Подумала-подумала (стерва), наверное, что-то в словах невестки поправилось ей, улыбнулась, сказала:
— Кто его знает.
Тяжёлая золотая коса была у чертовки, и как это не сваляется — три ребёнка всё же на руках, да классы подметай, — вплела в волосы шёлковую абрикосового цвета ленту, перекинула косу на грудь и шла в Ташкент переводчицей.
— А ну, — сказал Старший Рыжий Младшему, — влепи ей как следует.
А она:
— Наш брат Веран от коров меня снял, уборщицей сделал.
Сказал (Старший Рыжий):
— Образования у тебя нет.
Ответила:
— И у тебя нет.
Поднял рыжую бровь:
— Надя, что с тобой?
Но она уступать не думала:
— То, что сам видишь.
Сказал (Младшему Рыжему):
— Влепи ей, дай-ка разочек по зубам, брат.
Надины шестьдесят рублей и трактор «Беларусь» были причиной постоянной раздражённости Младшего Рыжего, и как он ни стремился отделиться материально от матери, ничего пока не получалось.
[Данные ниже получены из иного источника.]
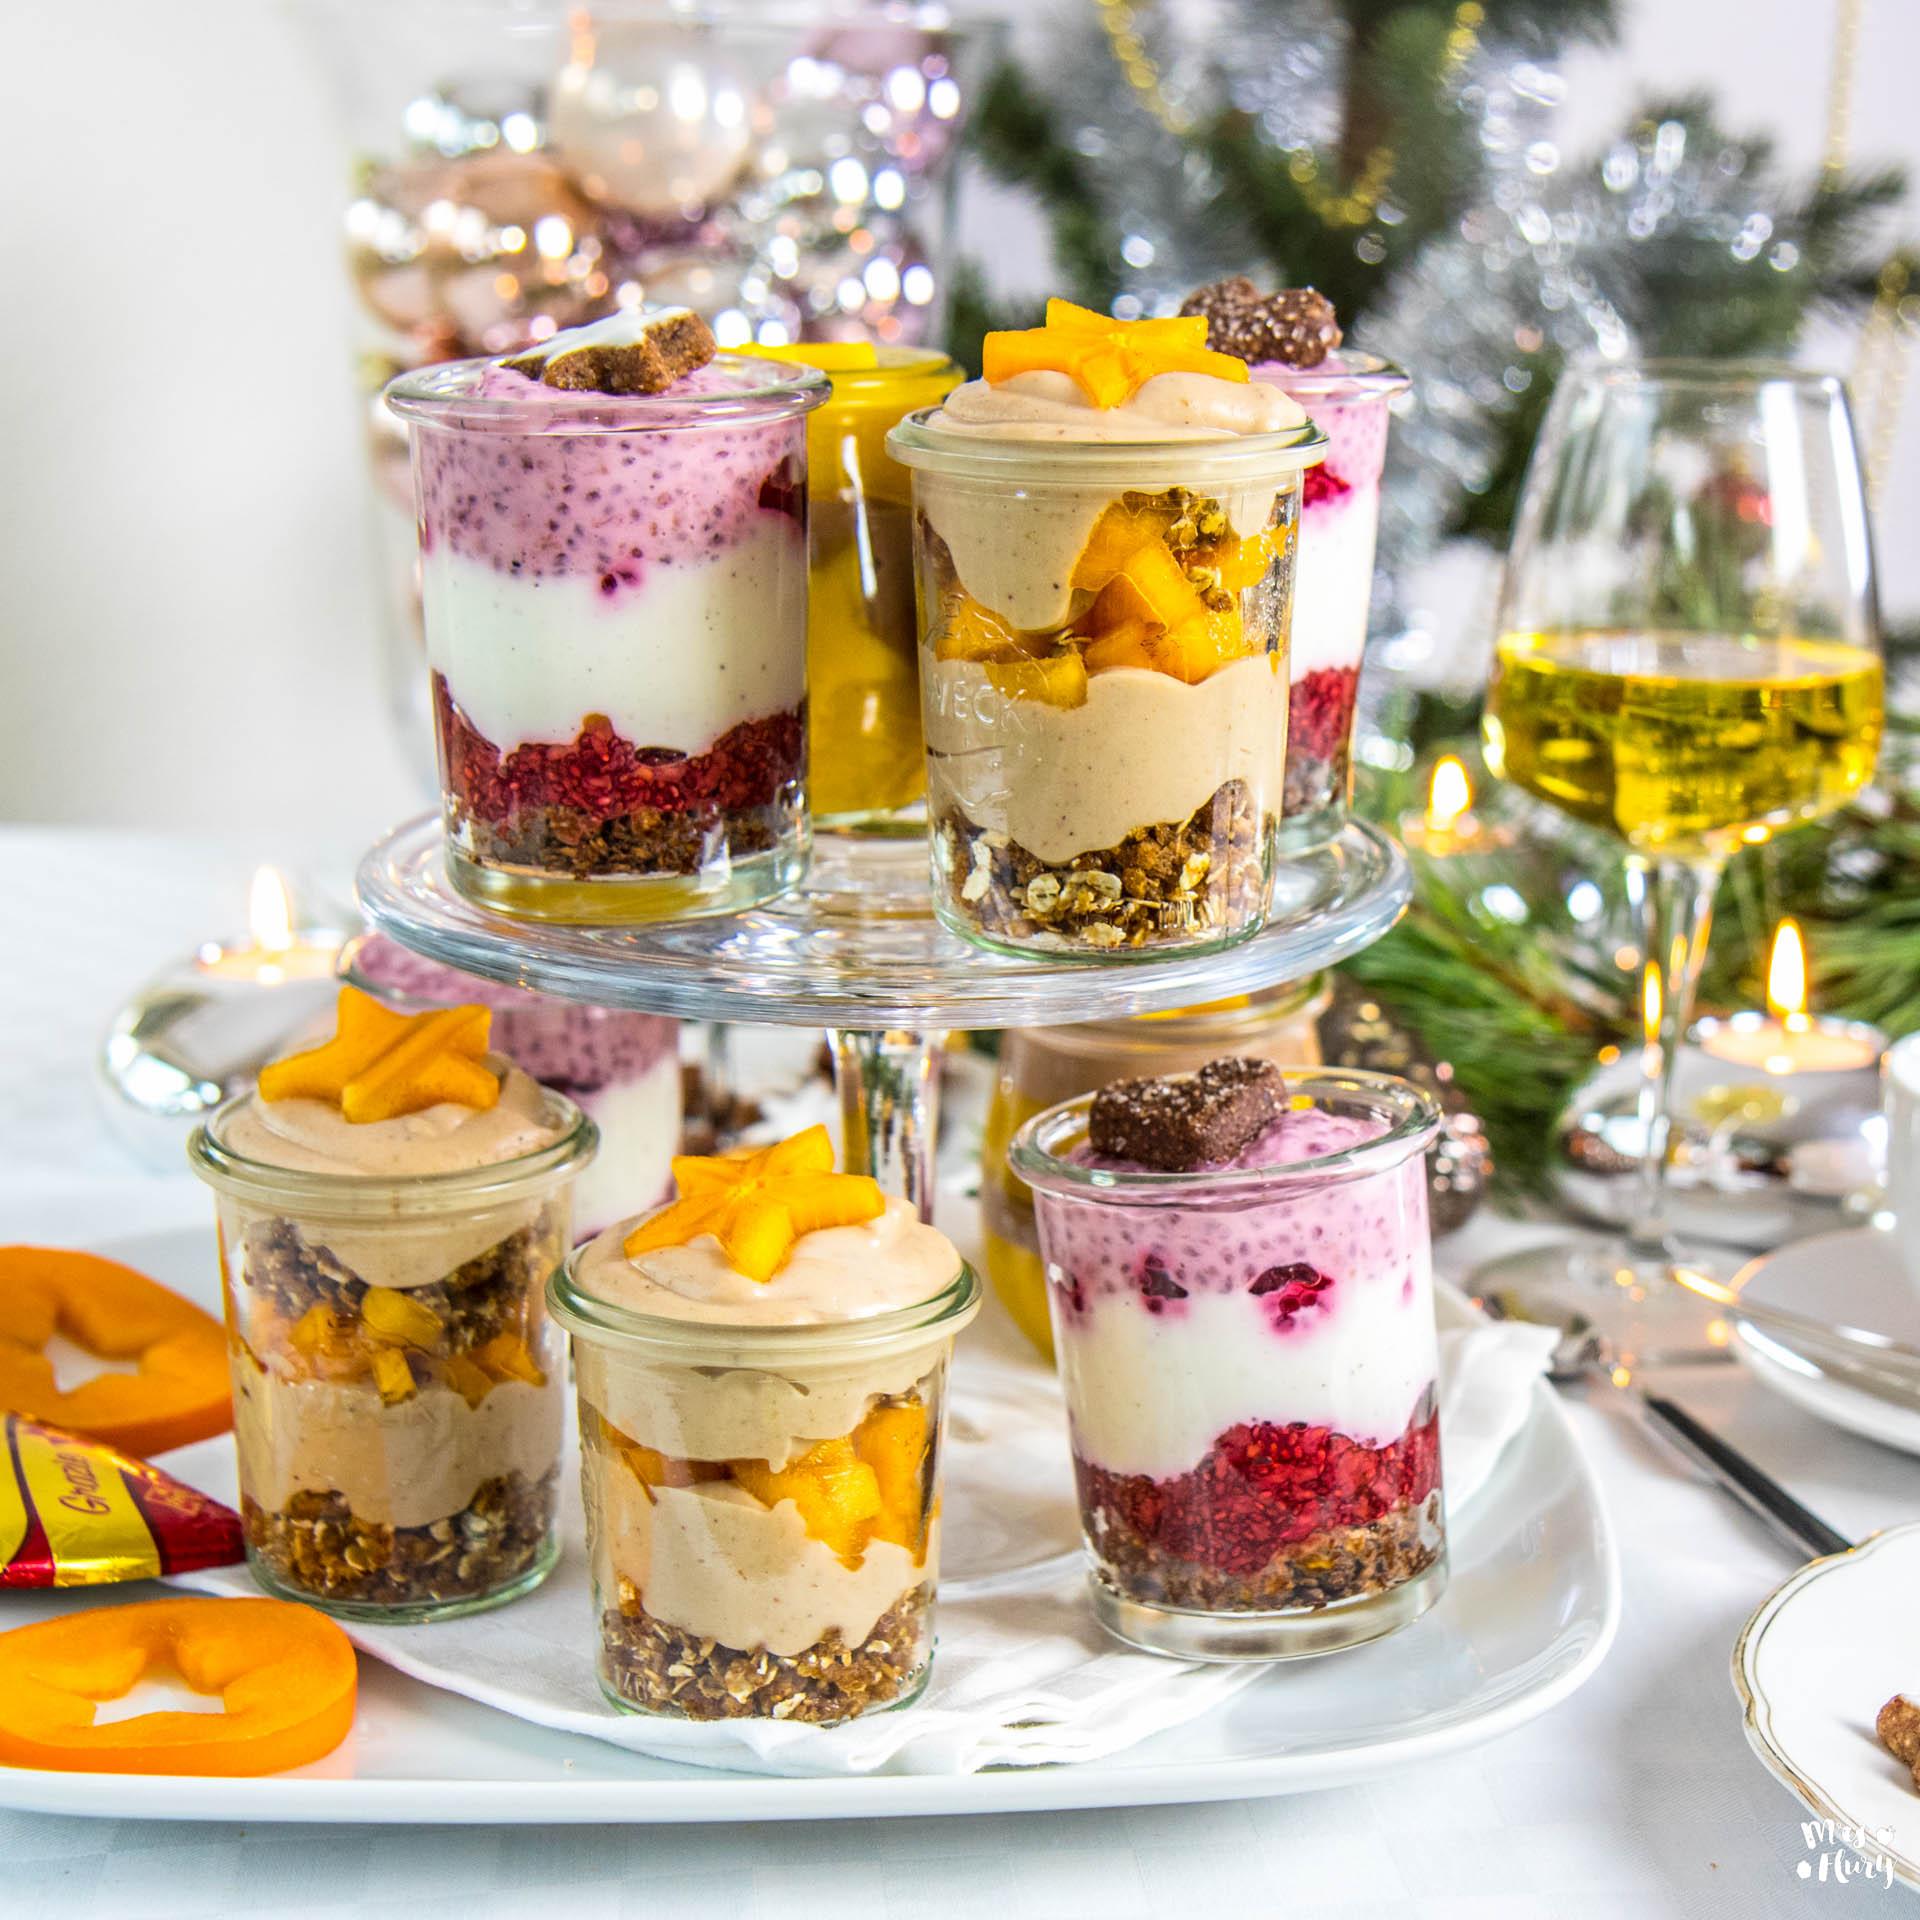 3 gesunde desserts im glas mrs flury gesund essen leben. Black Bedroom Furniture Sets. Home Design Ideas

В детстве он неплохо свистел и пел, но не до свиста теперь было: трактор надо было перегонять в Овит и ставить на ремонт, с тяжёлым гаечным ключом в руках он сидел и смотрел перед собой, мысленно, может, и насвистывал, может, даже и в город перебирался — Младший Рыжий свою сироту, с которой, возвращаясь из армии, не знаю, на какой станции познакомился, влюбился и в село привёз, не ударил, сказал брату:
— К тебе ближе стоит и рука у тебя подлиннее, ударь сам.
Сказал (Старший Рыжий):
— Чего она хочет, ты чего хочешь, ахчи?
Она уже свободно разговаривала по-армянски, на нашем, цмакутском наречии, в соседних селах не знаем, поняли бы её или нет, но домашние вполне понимали, сказала:
— То, что твоя жена хочет.
Сказал:
— Гулять хочешь?
Ответила:
— Со всеми женщинами ты перегулял, тебе можно, а Наде нельзя? — Она как следует усвоила выражения свекрови и ввернула: — Ты что же у нас, верхнего поля пшеница или племенной бугай?
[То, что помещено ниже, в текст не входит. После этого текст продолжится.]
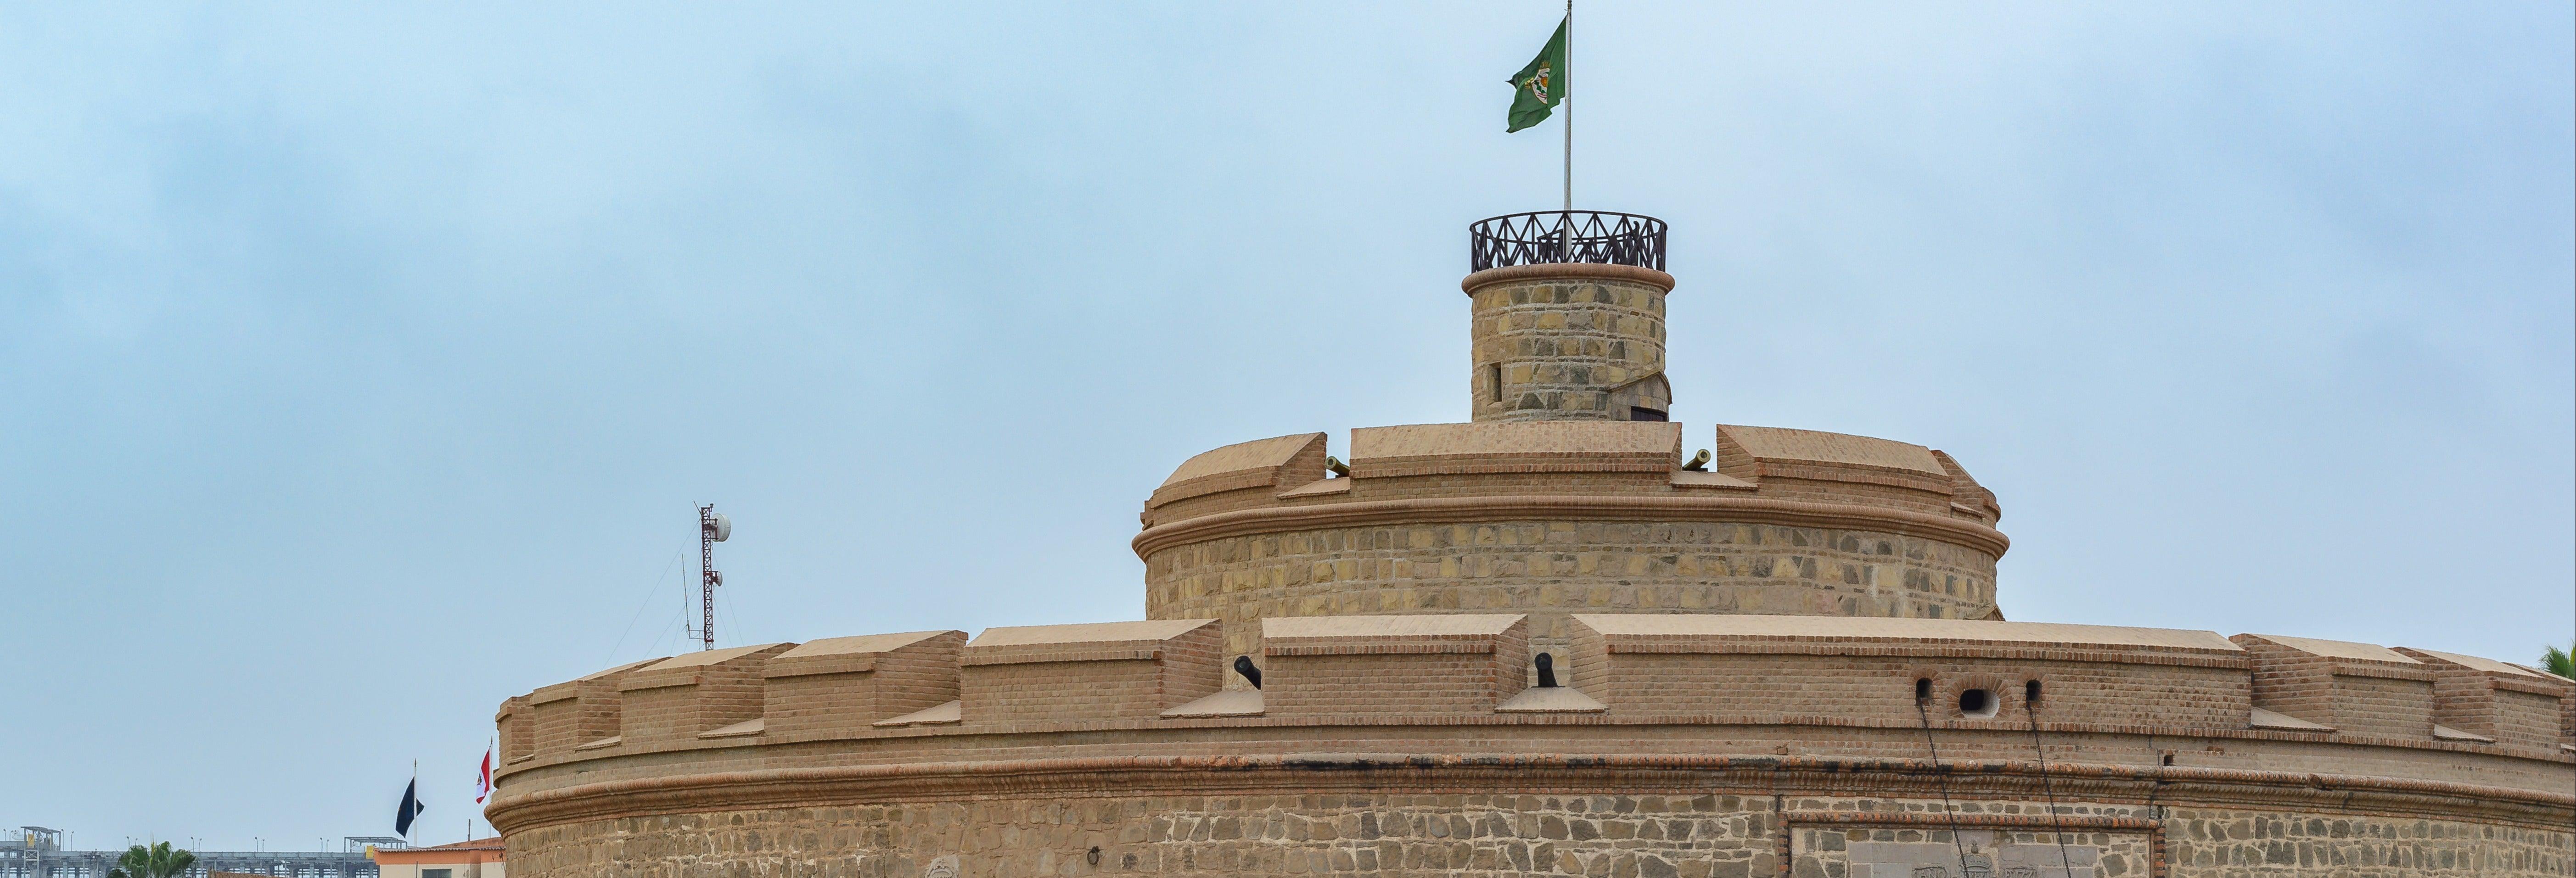 Visite de Callao et de la Forteresse du roi Philippe

Ему это понравилось, улыбнулся, но тут же сдержал себя, сказал:
— В этом селе никто не хочет, чтоб другой хорошо жил, — кляуза врагов это.
Ответила:
— Исполком кляузу проверил, и ты с той фермы полетел.
Руку занёс, сказал:
— Схлопочешь сейчас.
Сказала:
— Свою жену бей.
— Моя жена тебе не чета.
Сказала:
— Очень даже чета, лучше моего может школу подметать, а ты её нарядил и в доме держишь.
В общем, лаялась на равных, и даже больше. Средний Чёрный вслух против неё ничего не говорил, но был очень против — она ни разу не сробела от скрытой неприязни Среднего Чёрного и открытой вражды свекрови, в этом чужом, теперь уже родном селе ни разу не подумала, интересно, что это обо мне говорят на этом чужом, теперь уже родном языке, потому что Младший Рыжий как дал ей воинскую клятву — у деревенских в армии мало русских слов, но все точные, — как поклялся на всю жизнь быть верным, так и стоял рядом с нею окончательно; доить и то он её научил, то есть взял ведро между ног и влез под её корову, кепку козырьком назад повернул, упёрся головой корове в брюхо, про себя, может, и насвистывал, но внешне — ни звука, невозмутимо; он своё слово сказал: не знаем на какой станции, раз и навсегда, и его молчаливое лицо покорного пленного так навеки и стояло, надёжное, за жениной спиной. С гаечным ключом в руках, сидя возле неисправного трактора, он сказал:
— Надя, иди домой.
Старший Рыжий удивился, прохрипел:
— Вот те раз, — сказал, — наконец голос твой слышим, Паро.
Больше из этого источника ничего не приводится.